= Data excerpt =
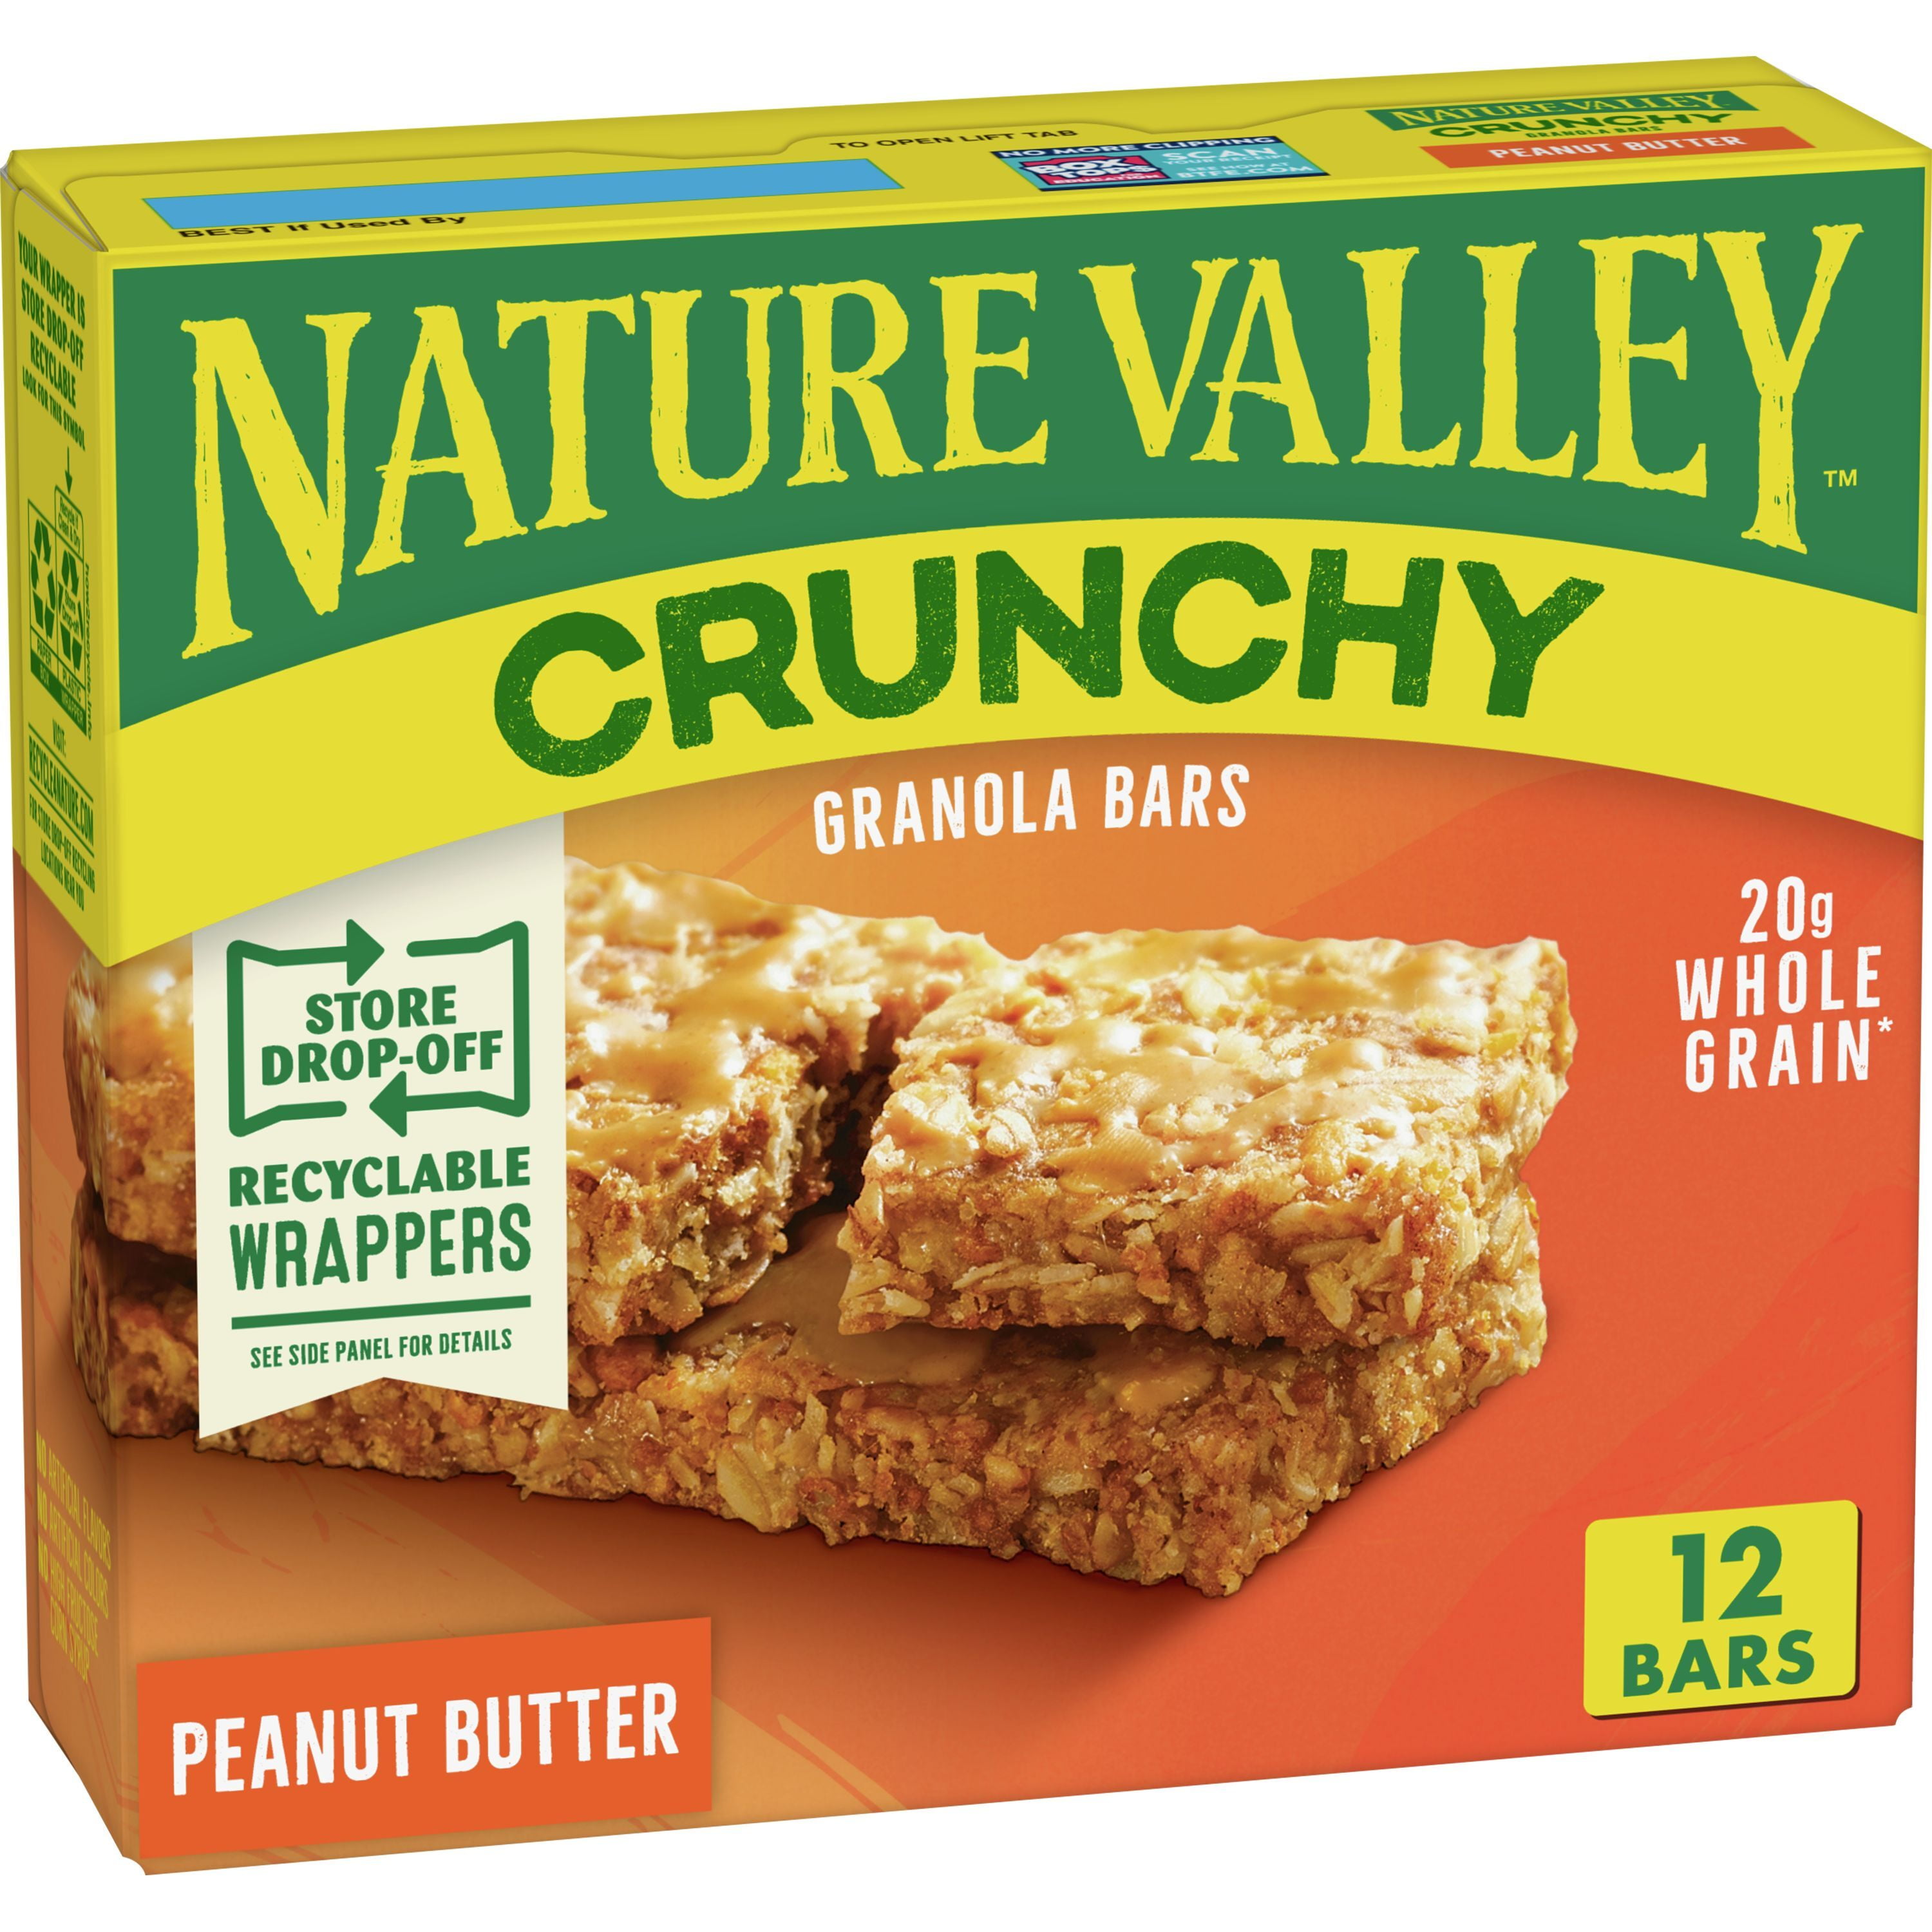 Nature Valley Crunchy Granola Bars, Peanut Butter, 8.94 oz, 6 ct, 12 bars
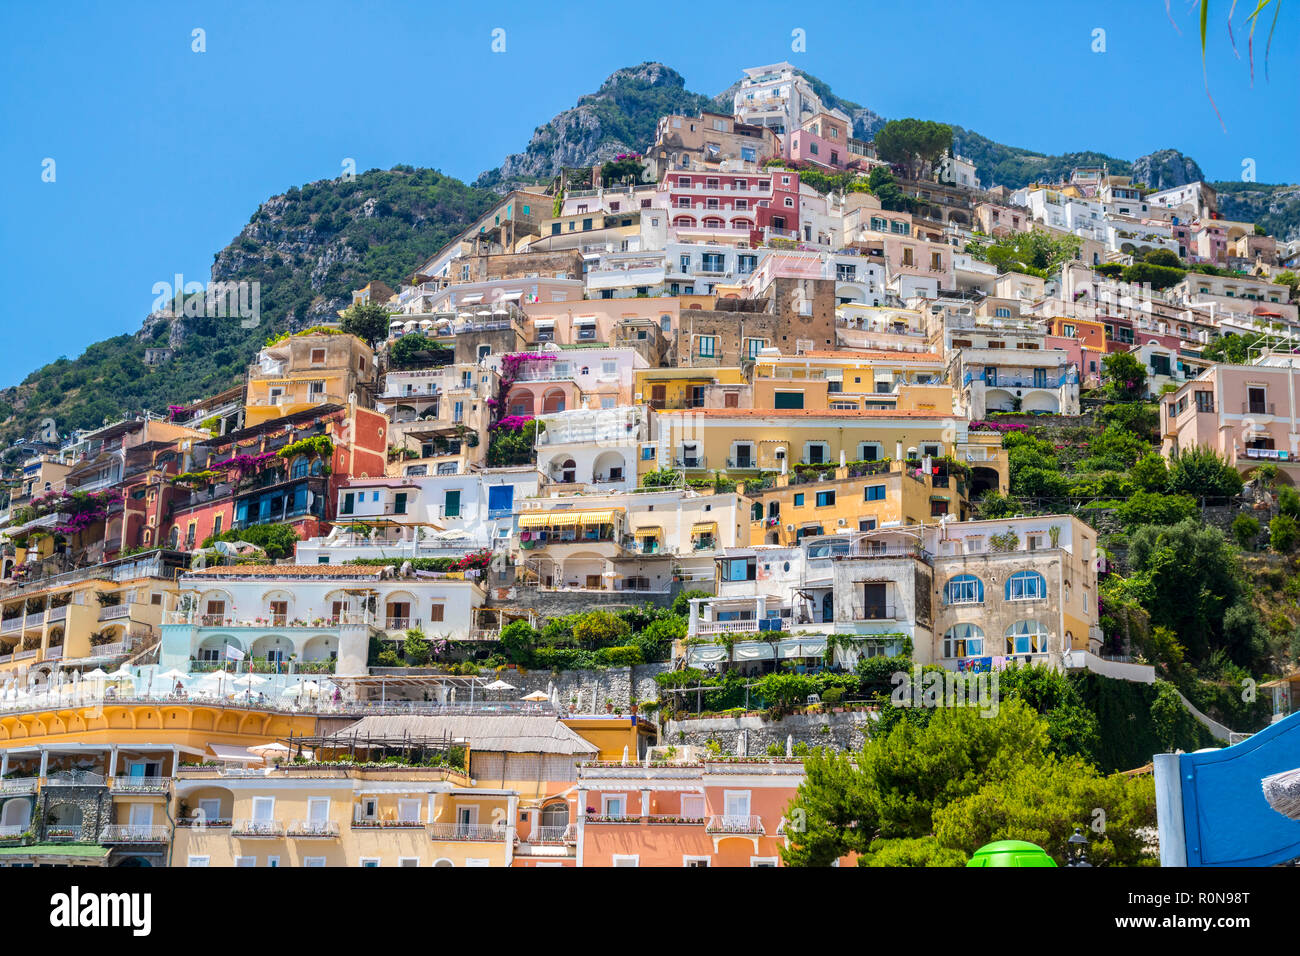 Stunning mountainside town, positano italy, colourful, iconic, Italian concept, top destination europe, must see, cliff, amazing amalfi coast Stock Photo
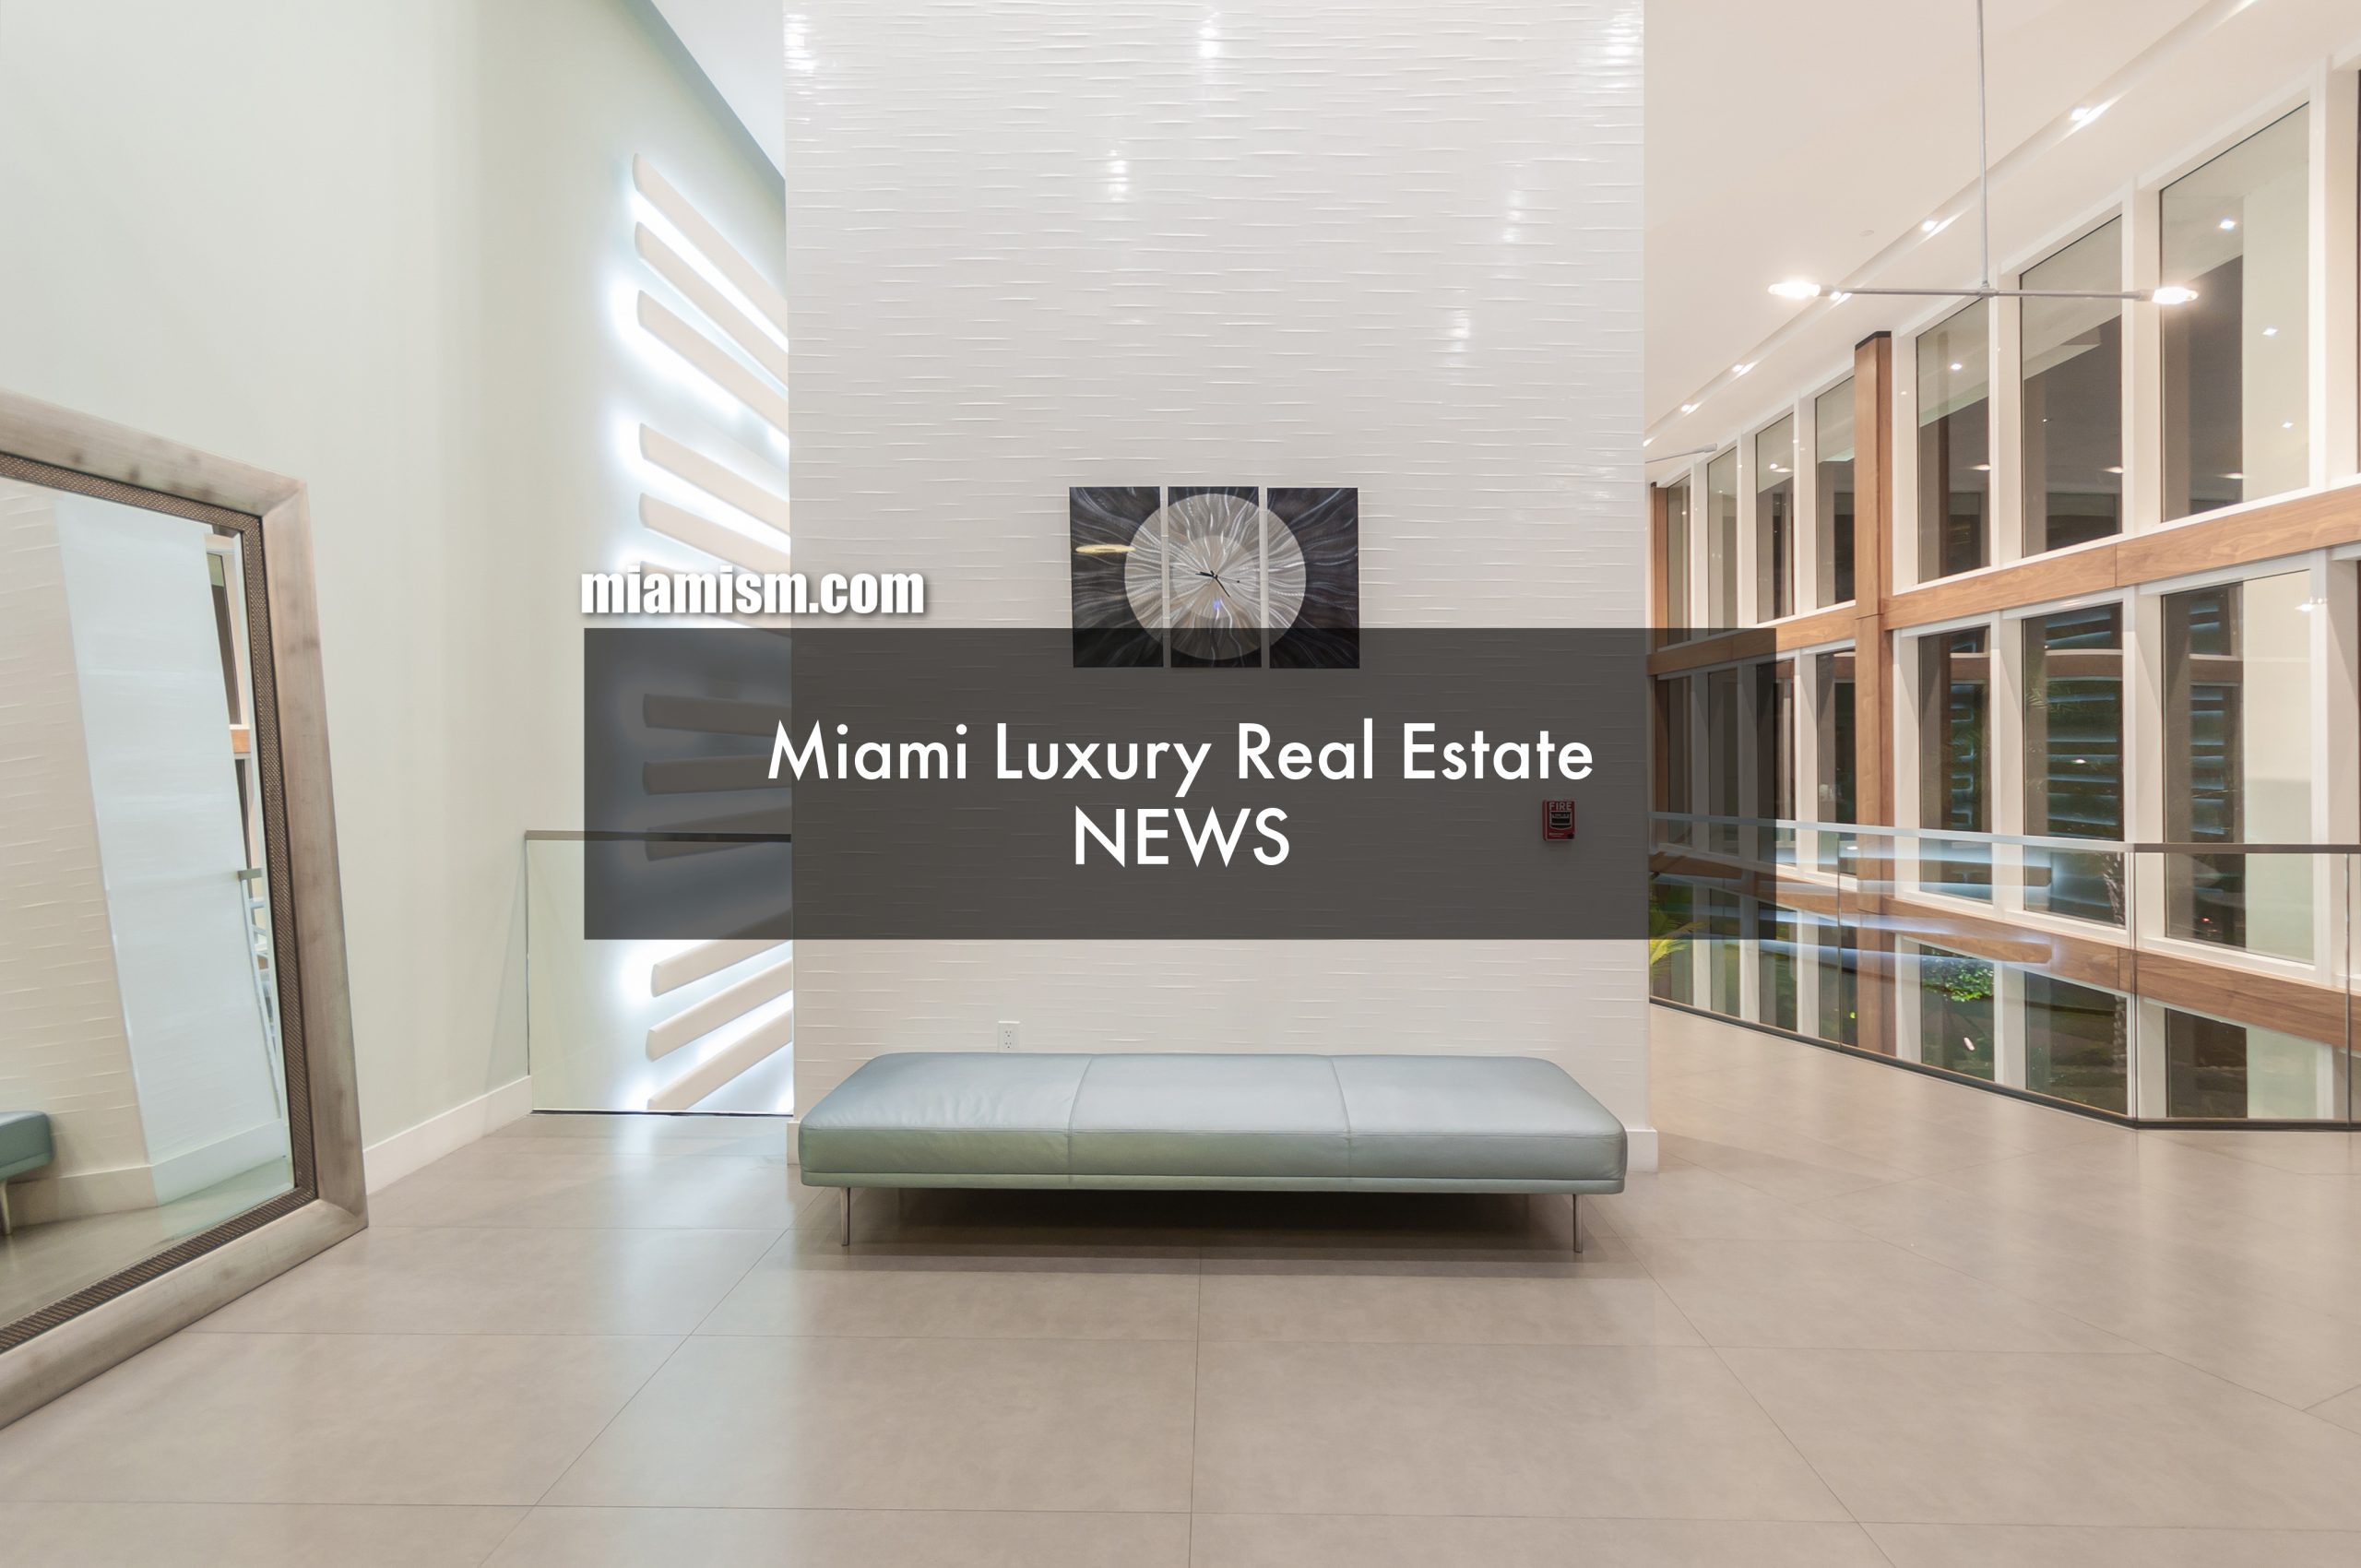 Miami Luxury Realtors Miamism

= What this task involves =
Transcribe all the lines above exactly, apart from the pictures.

= Your solution =
 Nature Valley Crunchy Granola Bars, Peanut Butter, 8.94 oz, 6 ct, 12 bars
 Stunning mountainside town, positano italy, colourful, iconic, Italian concept, top destination europe, must see, cliff, amazing amalfi coast Stock Photo
 Miami Luxury Realtors Miamism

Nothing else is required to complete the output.